Total revenue generated by the mergers and acquisitions was $8.2 billion, up from $7.4 billion in Q3 2020 and $5.1 billion in Q3 2021, but down from the $13.3 billion generated in Q2 2023. The transacted revenue last quarter was driven by three mega-mergers, the report noted. After disregarding the mega-mergers from each quarter, the revenue in Q3 was $243 million, while that of Q2 was just $159 million.

In 14 of the 18 announced deals in Q3 2023, not-for-profit health systems were the acquiring or larger party, while the remaining four larger parties were for-profit systems. Half of the not-for-profit acquirers were academic/university-affiliated organizations.

The transactions where the acquirer was a for-profit system included three acquired organizations that were financially distressed. According to the report, 39 percent of announced transactions in Q3 2023 included a party that cited financial distress as a transaction driver or had publicly available information that alluded to financial challenges.

Hospitals and health systems have been experiencing significant financial pressure since 2022, when median operating margins were negative for the whole year. Margins have moved into the positives in 2023 but remain low.

Smaller and medium-sized health systems with annual revenues between $250 and $750 million often seek partners due to rising expenses. In recent quarters, health systems with revenues of $1 billion or more have also cited financial challenges as reasons behind mergers.

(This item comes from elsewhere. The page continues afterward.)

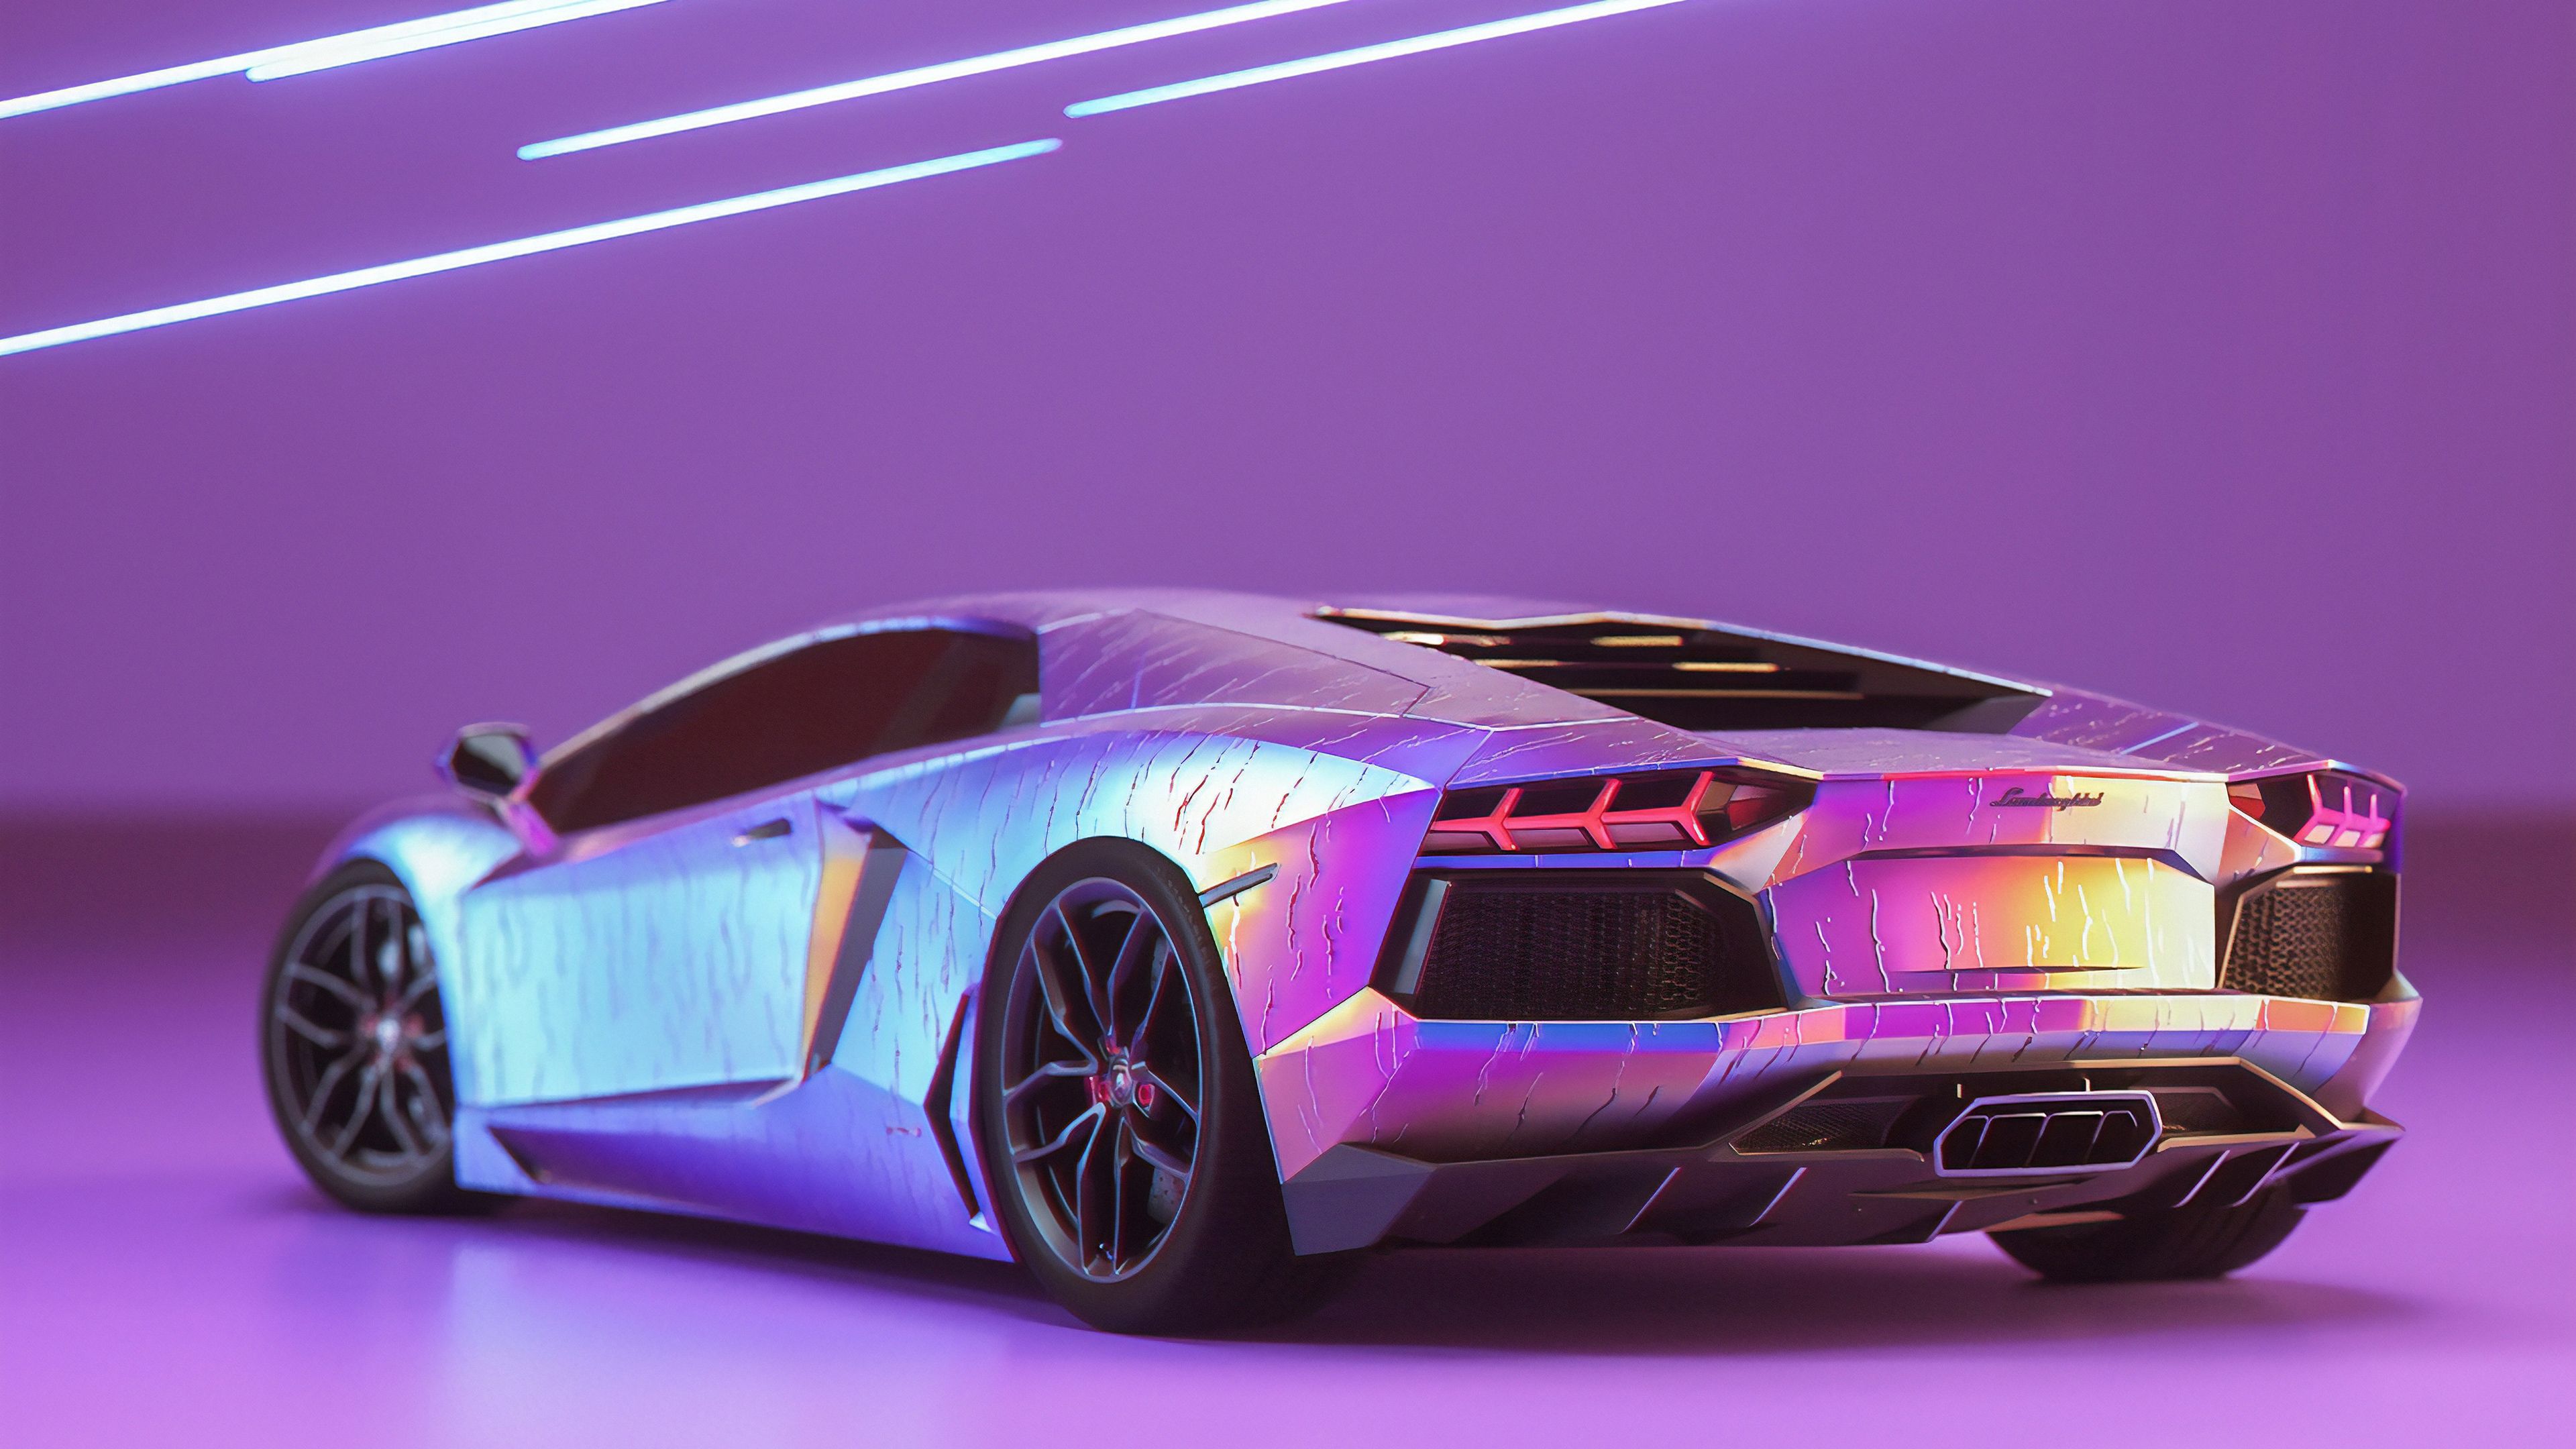 Lamborghini là một trong những thương hiệu siêu xe xa xỉ nhất trên thế giới. Hình nền Lamborghini mang đến cho bạn những hình ảnh đầy màu sắc và sự lịch lãm của siêu xe này. Hãy chiêm ngưỡng và cảm nhận sự đẳng cấp của Lamborghini thông qua những hình ảnh tuyệt đẹp này.

Some health systems participated in new transaction structures that allow them to maintain independence while partnering to improve patient care. For example, in Q3, UVA Health acquired a 5 percent ownership interest in Riverside Health System. Similarly, Novant Health acquired a 30 percent minority stake in South Carolina-based Conway Medical Center.

Increased regulatory scrutiny of healthcare transactions may impact merger and acquisition activity growth. The Federal Trade Commission (FTC) and the Department of Justice (DOJ) proposed new merger guidelines, and state attorneys general are receiving more authority to review proposed deals.